O velho encolheu os ombros. Não havia. Não, pelo menos enquanto chovesse, e estávamos em plena estação das chuvas. Fosse como fosse, quase nunca aparecia ninguém naquela estrada.
- Vai dar onde a estrada?
E ele sabia? Voltou a rir-se. O riso dele refrescava a alma, como tomar banho de mangueira após um dia de praia. Não sabia. nunca vira ninguém cruzar o rio vindo do outro lado.
- Então vou ter de voltar para trás?
Irrita-me voltar para trás. Viajo para saber onde as estradas vão dar. Prefiro seguir pelas estradas secundárias. Gosto dos caminhos de terra batida, das picadas abertas a custo entre espinheiras altas. Uma vez, algures no deserto do Namibe, encontrei uma estrada desenhada na rocha. Durante quilómetros e quilómetros o que havia era apenas o corpo exposto de uma rocha lisa, com a mesma cor alucinada dos crepúsculos, batida pelo vento áspero e pelo duro sol. Pequenos paralelepípedos cortados numa pedra escura, e colocados de dez em dez metros de ambos os lados da estrada, traçavam o percurso. Depois reapareceram as dunas, coroadas aqui e ali pelas rijas folhas de uma Welwitchia mirabilis, e o sonho terminou. Da mesma forma que um surfista procura a vida interia a onde perfeita, eu procuro a estrada. Provavelmente era aquela, mas não tenho uma única imagem que comprove a sua existência.
- Quer almoçar comigo?
A proposta apanhou-me de supresa. Disse-lhe que não. Depois corrigi:
- Onde?
Ele informou-se que havia um pequeno restaurante ali perto, mesmo à beira da estrada. Eu não vira restaurante nenhum. O velho desmontou a cana de pesca, arrumou os apetrechos num saco de couro e levantou-se. Mostrou-me a pescaria. Ajudei-o a colocar tudo na bagageira. O restaurante não era logo ali. Ficava a uns bons vinte quilómetros. Chamava-se O Máximo, o que me pareceu uma designação demasiado optimista, até compreender que era o nome do proprietário. O poroprietário, aliás, era ele mesmo, o velho pescador. Máximo mandou grelhar os peixes que trouxera do rio. Estavam bons, acompanhados por batatas cozidas e salada de alface e tomate. Quis saber como era ele para ali, porque decidira construir um restaurante num lugar tão remoto, junto a uma ponte que dava para uum rio. Máximo encolheu os ombros magros. Não fora ele quem construíra o restaurante. Ganhara-o ao jogo. Fora por causa do jogo, fugindo de credores, que se eentranhara no mato, até chegar àquele lugar sem nome. Contou-me isto enquanto almoçávamos, bebendo cerveja morna e sorrindo sempre.
- Quer jogar?
- Não, eu não jogo.
- É uma pena. Tencionava apostar o meu restaurante contra o seu carro. Se perdesse esperava pelo fim das chuvas, atravessava o rio a pé, e sguia viagem. Se ganhasse pegava no carro e voltava para trás, para a vida que deixei...

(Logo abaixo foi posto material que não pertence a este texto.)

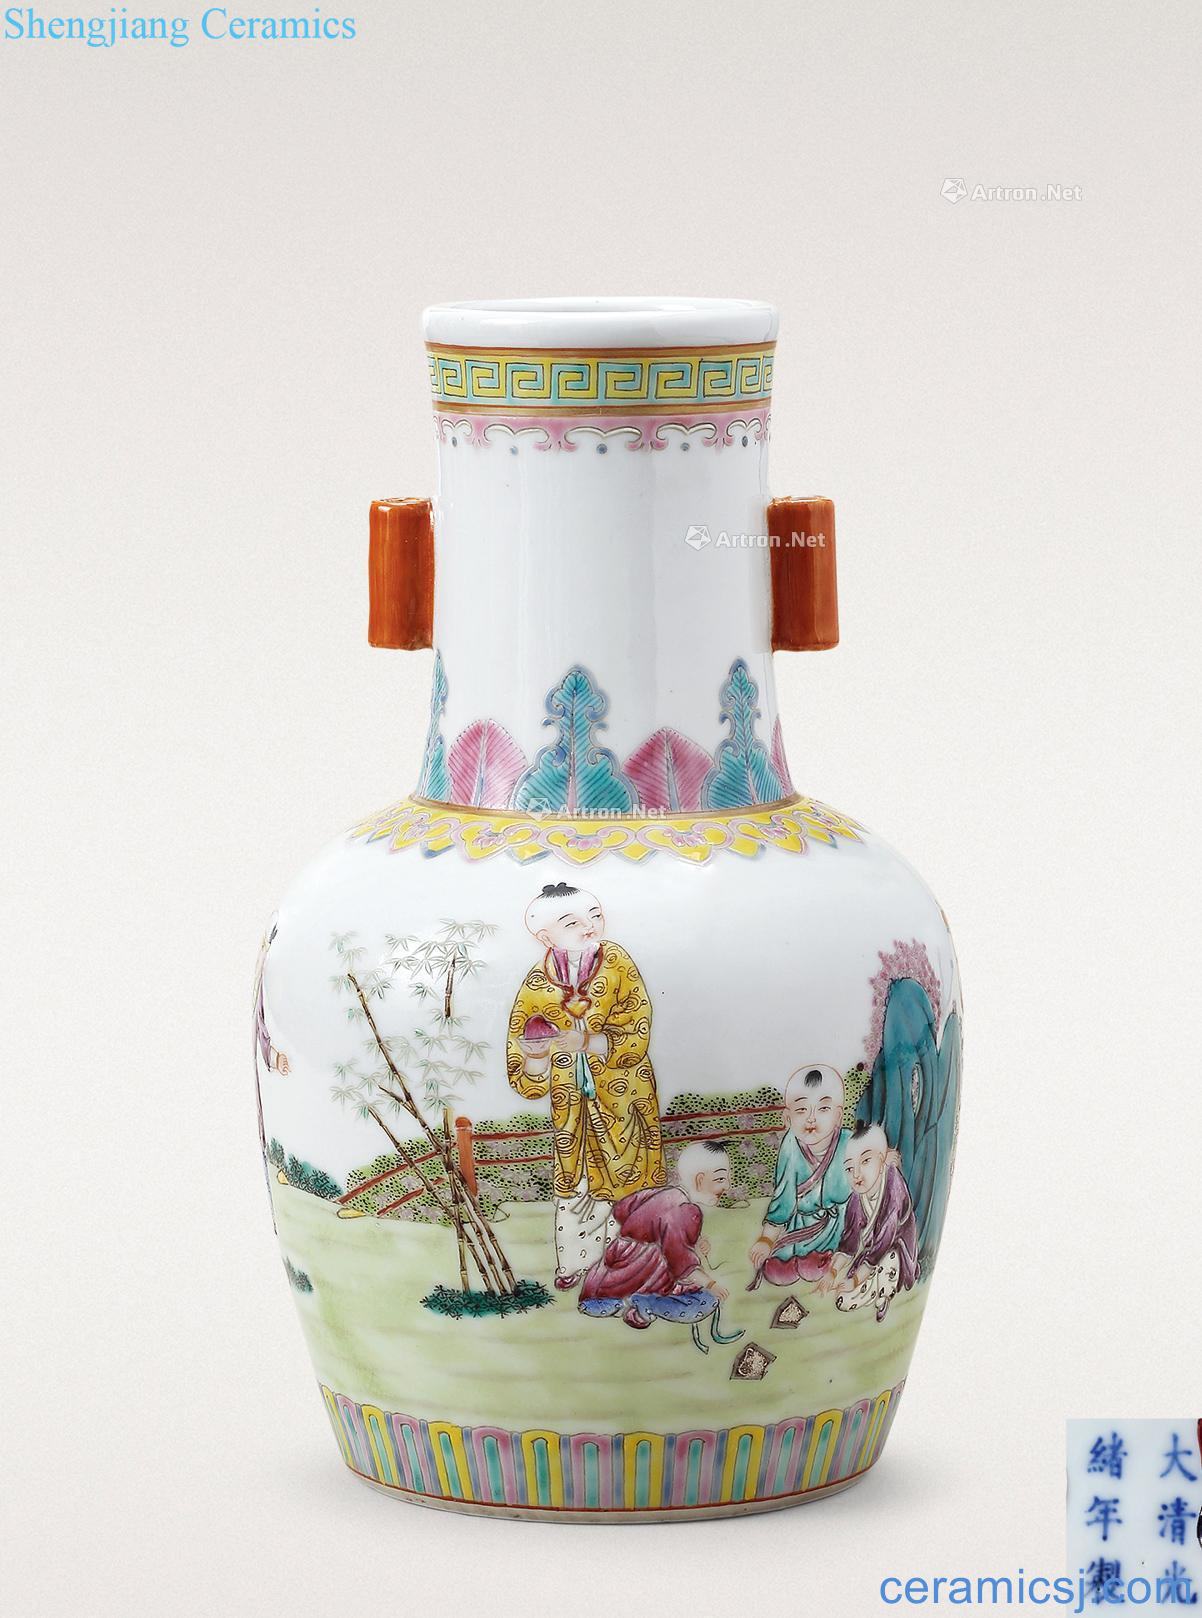 Qing dynasty vase with a consistent pastel baby play

Eu não queria v0ltar para trás. Não queria regressar à vida que havia deixado. Hesitei um isntante e depois disse-lhe que sim, que estava disposto a jogar, que aceitava a aposta. Os olhos dele brilharam. Tirou dos bolsos das calças um par de dados muito gastos. Reparei que lhe tremiam os dedos, e que tinha as unhas manchadas de nicotina. Venceu-me sem dificuldade. Entreguei-lhe as chaves do carro e pedi um café. SEntia-me de repente muito cansado.
- Enfim é isto o fim?
- Não- respondeu-me Máximo sem perder o sorriso. - Não há fim. O que há são intervalos.
José Eduardo Agualusa
in, PASSAGEIROS EM TRÂNSITO.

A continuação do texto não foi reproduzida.